Reddit hits different. Reputation scores aren't left up to a central algorithm; channel moderators can make or break someone's fate. You don't need 10,000 connections to create a post that a million people wind up seeing. You could follow half of Reddit's user base, and if your posts are boring, they're probably not going anywhere. Reddit has plenty of challenges, but its incentives for spreading AI slop are lower, and the disincentives are much higher compared to LinkedIn.
So what do we do with LinkedIn?
Not a lot. Unless you have some pull over the LinkedIn algorithm (Sam, have they given you the keys yet?).

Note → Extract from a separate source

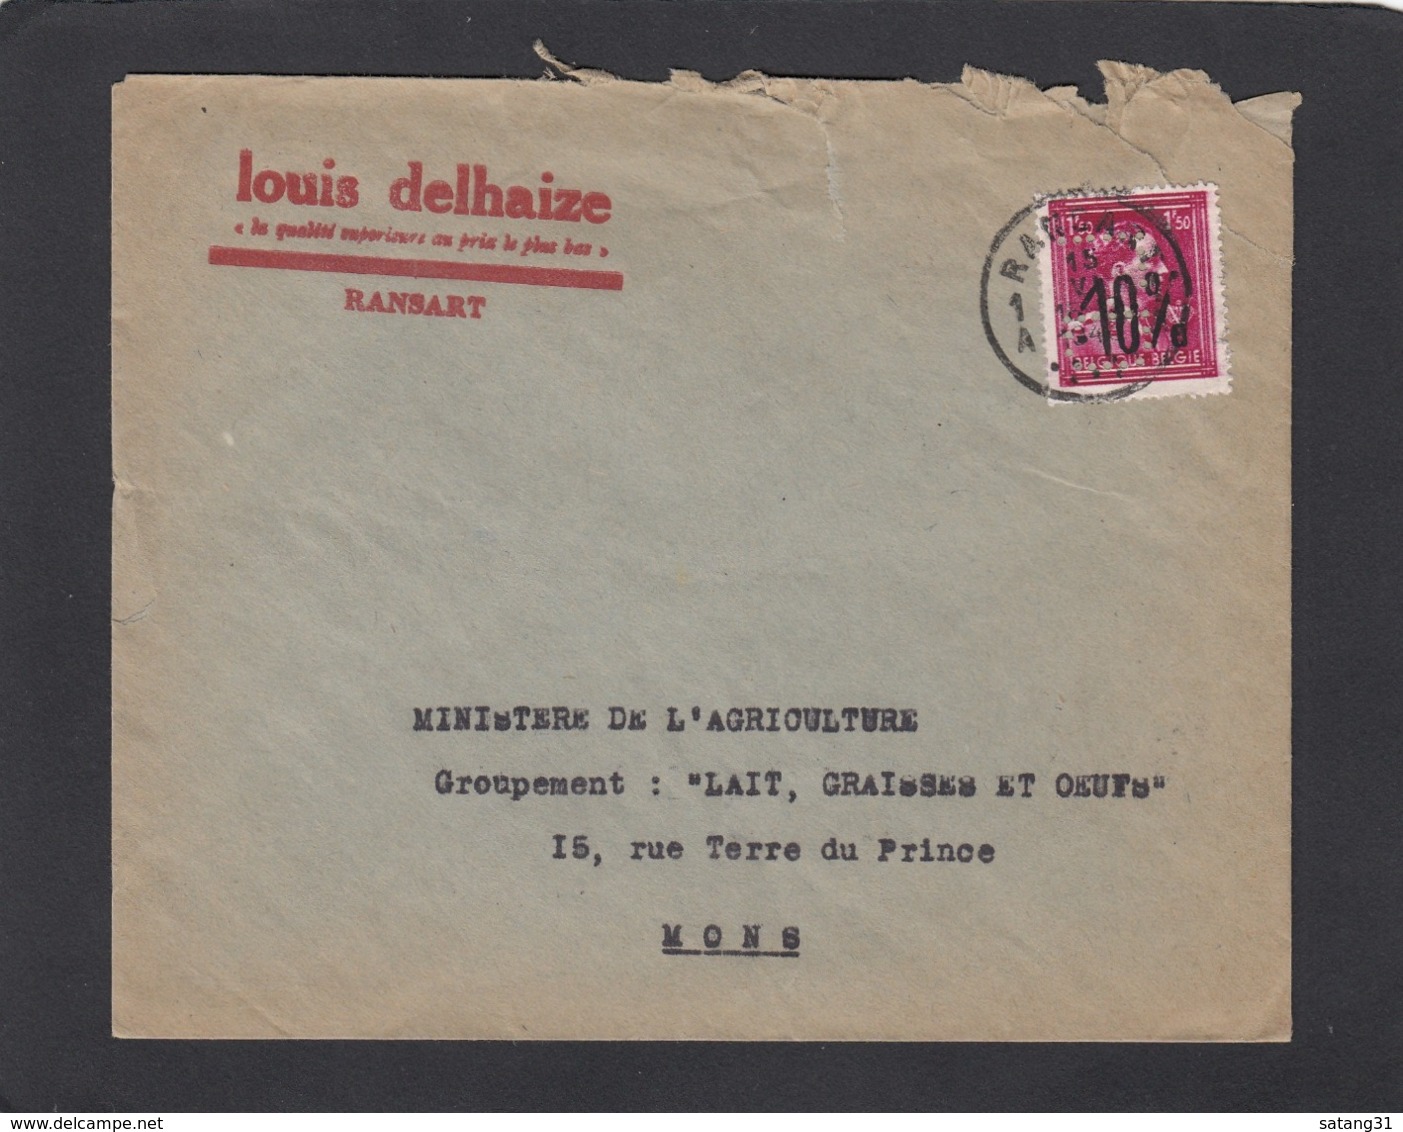 FIRMENLOCHUNG/PERFIN/PERFORATION. LOUIS DELHAIZE,RANSART. - 1946 -10%

We’ll have to control what we can.
Connect with people you really know. Disconnect from spammers and scammers — and better yet, report them (it's so satisfying). Delete obvious AI slop comments you receive on your posts. Don't piss in the pool.
I deleted my X account proudly. I'm a nobody on Reddit, not so proudly. If we know each other, we probably have stayed in touch through LinkedIn at some point, and maybe often. LinkedIn is often the least bad option, and sometimes it's pretty good.

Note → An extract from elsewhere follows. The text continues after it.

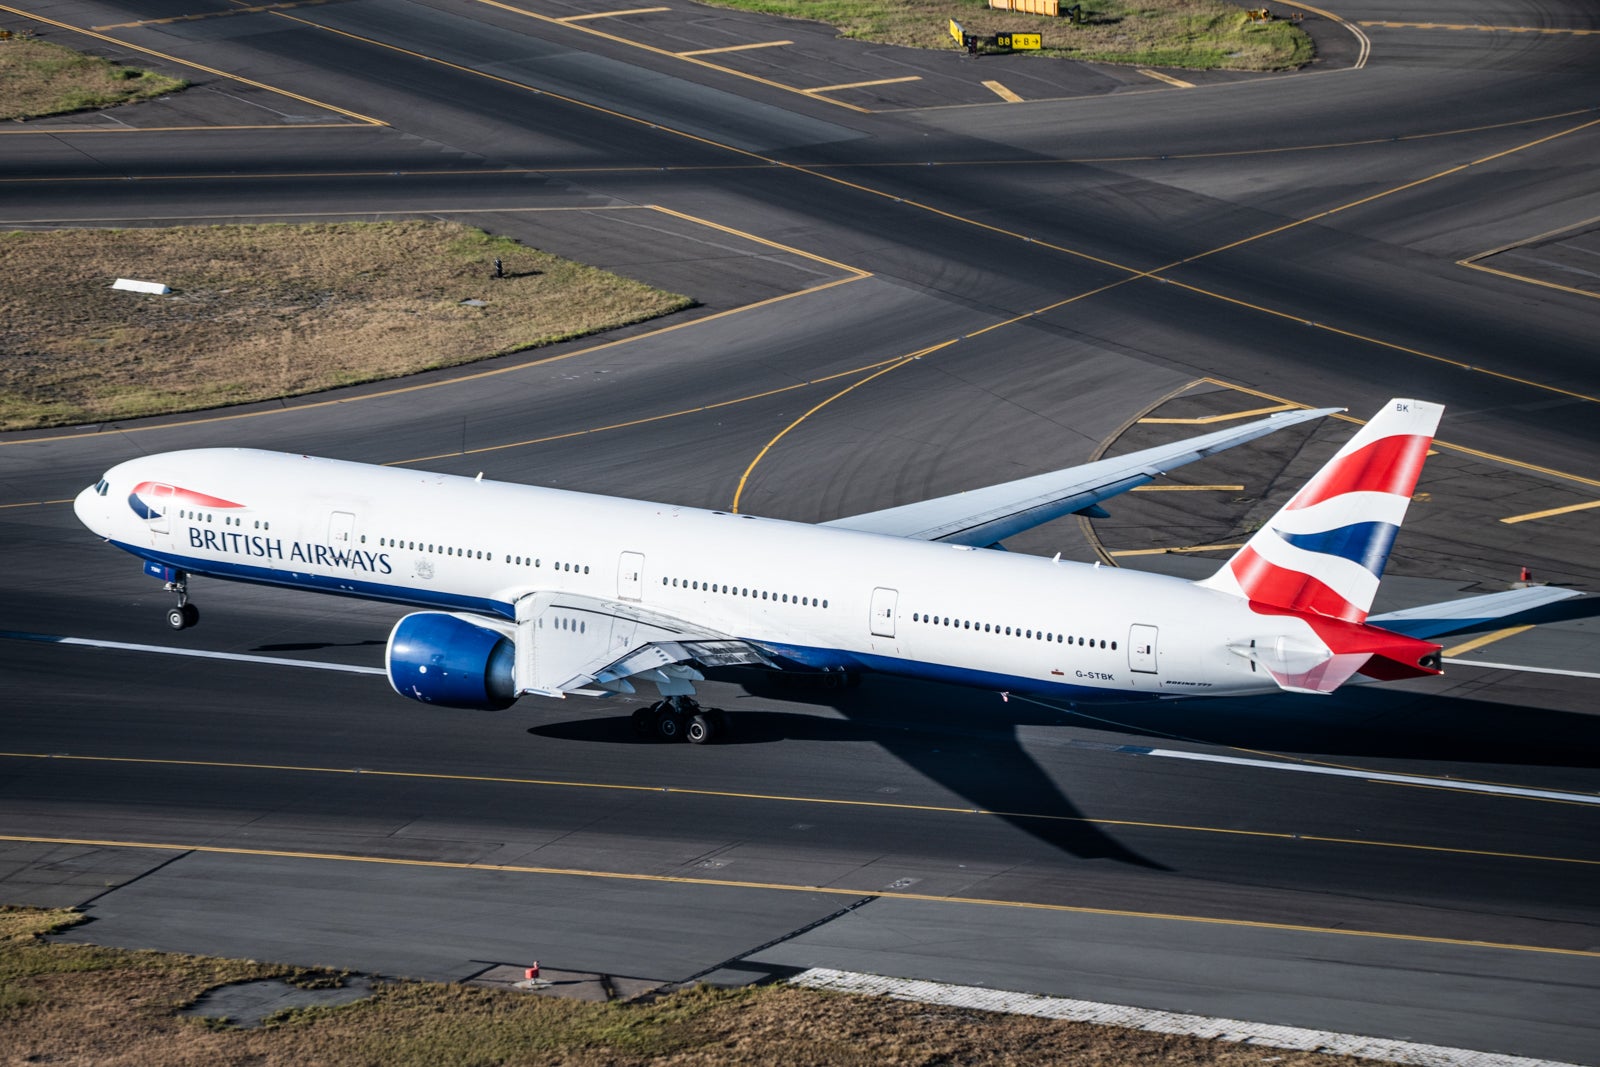 British-Airways-777-300ER-at-Sydney-Airport-SYD

The one thing we can do is try to keep our part of the pool a little less warmer for everyone else.
— David Berkowitz, Chief Community Officer, Marketecture Media

1
Reddit AMA: Could AI Licensing Reduce Ad Demand?
Who: Media Buyers, Platform Strategy, Social Teams, Publishers
What: Speaking of incentives for Reddit, they’re questioning whether expanding AI data licensing could ultimately reduce traffic and advertising demand if users increasingly get answers from AI instead of visiting communities directly. The debate highlights how AI partnerships can create new revenue while threatening traditional advertising models.
Why it matters: Marketers relying on community platforms should pay close attention to how AI changes audience behavior rather than just media buying.
(Digiday)
2
Digitas CEO: AI Won’t Save Advertising
Who: Agency Leaders, CMOs, Marketing Operations, CRM, Creative Strategy
What: Digitas CEO Amy Lanzi says AI’s biggest impact on advertising is making marketers faster and more effective. She argues agencies should use AI to streamline research, workflows, and execution while keeping strategy and creative judgment in human hands, and says marketing organizations are evolving toward more integrated, AI-enabled operating models.
Why it matters: Lanzi cuts against the prevailing AI hype. Instead of promising that AI will replace agencies or creative teams, she’s arguing that the competitive advantage comes from redesigning marketing operations around AI while keeping human judgment at the center.
3
Is Agentic Media Buying Still a Thing?
Who: Media Buyers, Programmatic Directors, Agency CTOs, Brand Marketers
What: The initial hype around agentic media buying has seemingly quieted down. While early tests like Butler/Till's autonomous campaign with PubMatic proved the technology works, the conversation has moved from flashy headlines to a dry, behind-the-scenes standards battle between Anthropic’s open Advertising Context Protocol (AdCP) framework and the IAB Tech Lab's competing framework (AAMP). Despite the lack of public chatter, agencies like Omnicom continue quietly running live agent-to-agent buys for major clients.
Why it matters: Agentic advertising is transitioning from a hyped-up revolution to a quiet, incremental reality; marketers should expect tools to continuously streamline media planning behind the scenes rather than replacing planners overnight.